### PROBLEM TO SOLVE:
Check the records below line by line, and report how many lines include the string "Style". No other words are needed.

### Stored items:
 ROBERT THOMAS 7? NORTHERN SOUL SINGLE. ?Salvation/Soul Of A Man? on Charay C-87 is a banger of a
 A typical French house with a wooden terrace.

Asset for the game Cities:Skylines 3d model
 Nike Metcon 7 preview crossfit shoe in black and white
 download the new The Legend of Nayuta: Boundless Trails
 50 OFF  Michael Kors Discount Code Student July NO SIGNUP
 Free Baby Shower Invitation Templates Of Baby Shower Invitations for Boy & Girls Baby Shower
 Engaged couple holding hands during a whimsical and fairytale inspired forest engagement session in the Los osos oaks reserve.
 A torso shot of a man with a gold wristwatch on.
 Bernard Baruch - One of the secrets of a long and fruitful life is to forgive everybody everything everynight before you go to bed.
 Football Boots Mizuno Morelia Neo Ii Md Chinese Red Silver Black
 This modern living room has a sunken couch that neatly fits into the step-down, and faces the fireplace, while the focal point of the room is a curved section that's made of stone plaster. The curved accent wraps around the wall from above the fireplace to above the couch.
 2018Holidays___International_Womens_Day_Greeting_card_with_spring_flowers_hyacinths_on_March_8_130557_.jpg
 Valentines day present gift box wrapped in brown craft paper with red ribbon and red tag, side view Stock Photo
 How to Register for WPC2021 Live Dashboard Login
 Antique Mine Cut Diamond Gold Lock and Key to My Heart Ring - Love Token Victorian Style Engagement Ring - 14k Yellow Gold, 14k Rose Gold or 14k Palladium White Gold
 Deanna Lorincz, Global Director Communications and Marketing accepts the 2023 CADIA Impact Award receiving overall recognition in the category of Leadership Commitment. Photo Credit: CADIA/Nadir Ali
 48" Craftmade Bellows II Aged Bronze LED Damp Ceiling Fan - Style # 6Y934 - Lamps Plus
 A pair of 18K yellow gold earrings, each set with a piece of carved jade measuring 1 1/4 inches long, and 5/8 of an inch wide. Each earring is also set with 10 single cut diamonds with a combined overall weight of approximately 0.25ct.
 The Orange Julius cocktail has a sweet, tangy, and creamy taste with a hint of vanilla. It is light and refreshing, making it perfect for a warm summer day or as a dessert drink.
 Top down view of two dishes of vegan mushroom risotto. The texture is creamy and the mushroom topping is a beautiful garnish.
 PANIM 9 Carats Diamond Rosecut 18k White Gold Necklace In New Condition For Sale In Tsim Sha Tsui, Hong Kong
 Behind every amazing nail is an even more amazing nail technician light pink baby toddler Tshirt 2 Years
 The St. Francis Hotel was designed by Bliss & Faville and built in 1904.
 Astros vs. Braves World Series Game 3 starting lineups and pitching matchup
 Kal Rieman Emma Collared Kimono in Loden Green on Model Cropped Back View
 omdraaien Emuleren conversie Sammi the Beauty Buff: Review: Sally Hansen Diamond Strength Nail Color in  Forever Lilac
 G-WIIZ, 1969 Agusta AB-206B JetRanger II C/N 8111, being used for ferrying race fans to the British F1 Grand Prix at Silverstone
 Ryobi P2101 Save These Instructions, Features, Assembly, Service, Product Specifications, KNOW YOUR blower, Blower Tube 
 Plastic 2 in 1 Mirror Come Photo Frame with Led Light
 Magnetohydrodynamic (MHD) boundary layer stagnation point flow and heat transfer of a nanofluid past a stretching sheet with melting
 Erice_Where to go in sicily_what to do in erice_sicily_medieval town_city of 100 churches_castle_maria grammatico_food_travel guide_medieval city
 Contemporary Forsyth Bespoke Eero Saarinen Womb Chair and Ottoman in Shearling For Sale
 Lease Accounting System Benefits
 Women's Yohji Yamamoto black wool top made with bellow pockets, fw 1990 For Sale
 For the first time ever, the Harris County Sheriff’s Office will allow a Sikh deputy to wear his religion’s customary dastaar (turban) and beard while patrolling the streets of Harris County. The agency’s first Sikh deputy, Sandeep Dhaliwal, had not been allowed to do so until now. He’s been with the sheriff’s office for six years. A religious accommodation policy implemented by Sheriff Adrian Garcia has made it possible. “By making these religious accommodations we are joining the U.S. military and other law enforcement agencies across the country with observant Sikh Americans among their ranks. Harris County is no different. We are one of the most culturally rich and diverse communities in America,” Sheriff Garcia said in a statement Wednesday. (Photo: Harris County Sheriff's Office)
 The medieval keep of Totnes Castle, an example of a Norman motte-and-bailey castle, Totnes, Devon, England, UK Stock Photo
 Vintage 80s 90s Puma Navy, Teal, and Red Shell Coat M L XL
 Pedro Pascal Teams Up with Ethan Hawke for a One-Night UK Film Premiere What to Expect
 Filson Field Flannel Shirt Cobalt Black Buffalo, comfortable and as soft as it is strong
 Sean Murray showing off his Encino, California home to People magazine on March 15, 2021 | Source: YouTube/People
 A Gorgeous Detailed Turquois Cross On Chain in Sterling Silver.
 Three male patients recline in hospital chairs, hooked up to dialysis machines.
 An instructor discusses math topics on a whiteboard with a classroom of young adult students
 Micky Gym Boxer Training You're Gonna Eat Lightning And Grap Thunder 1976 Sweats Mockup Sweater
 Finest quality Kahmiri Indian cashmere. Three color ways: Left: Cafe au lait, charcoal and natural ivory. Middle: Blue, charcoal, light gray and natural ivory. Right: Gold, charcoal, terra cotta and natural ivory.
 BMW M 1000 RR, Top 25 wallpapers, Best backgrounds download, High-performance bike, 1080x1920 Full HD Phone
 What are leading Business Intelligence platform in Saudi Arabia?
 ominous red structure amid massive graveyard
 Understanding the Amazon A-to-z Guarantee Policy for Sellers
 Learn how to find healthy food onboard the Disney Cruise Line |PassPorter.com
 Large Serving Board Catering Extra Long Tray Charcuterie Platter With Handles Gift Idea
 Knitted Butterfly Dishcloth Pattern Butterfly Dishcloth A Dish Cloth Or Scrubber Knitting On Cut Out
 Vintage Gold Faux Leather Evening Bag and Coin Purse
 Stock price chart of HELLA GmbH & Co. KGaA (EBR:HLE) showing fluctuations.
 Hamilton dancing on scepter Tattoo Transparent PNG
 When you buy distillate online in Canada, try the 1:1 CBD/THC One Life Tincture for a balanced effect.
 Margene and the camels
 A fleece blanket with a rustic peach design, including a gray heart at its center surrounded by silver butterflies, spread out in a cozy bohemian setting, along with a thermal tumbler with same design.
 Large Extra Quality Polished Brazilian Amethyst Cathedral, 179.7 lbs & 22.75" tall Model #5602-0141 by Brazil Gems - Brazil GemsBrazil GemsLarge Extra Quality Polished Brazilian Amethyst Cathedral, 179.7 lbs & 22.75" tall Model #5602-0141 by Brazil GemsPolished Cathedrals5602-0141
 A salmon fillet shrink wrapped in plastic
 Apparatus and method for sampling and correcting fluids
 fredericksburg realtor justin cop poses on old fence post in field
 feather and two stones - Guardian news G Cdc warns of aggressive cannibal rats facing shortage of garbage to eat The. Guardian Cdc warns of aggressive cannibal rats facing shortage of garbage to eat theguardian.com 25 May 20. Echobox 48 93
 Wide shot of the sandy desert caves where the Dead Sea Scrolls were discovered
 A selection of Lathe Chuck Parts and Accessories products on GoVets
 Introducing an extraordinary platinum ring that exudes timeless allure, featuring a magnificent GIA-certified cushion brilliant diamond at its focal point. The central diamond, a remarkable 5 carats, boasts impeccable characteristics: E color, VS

### TASK SOLUTION:
2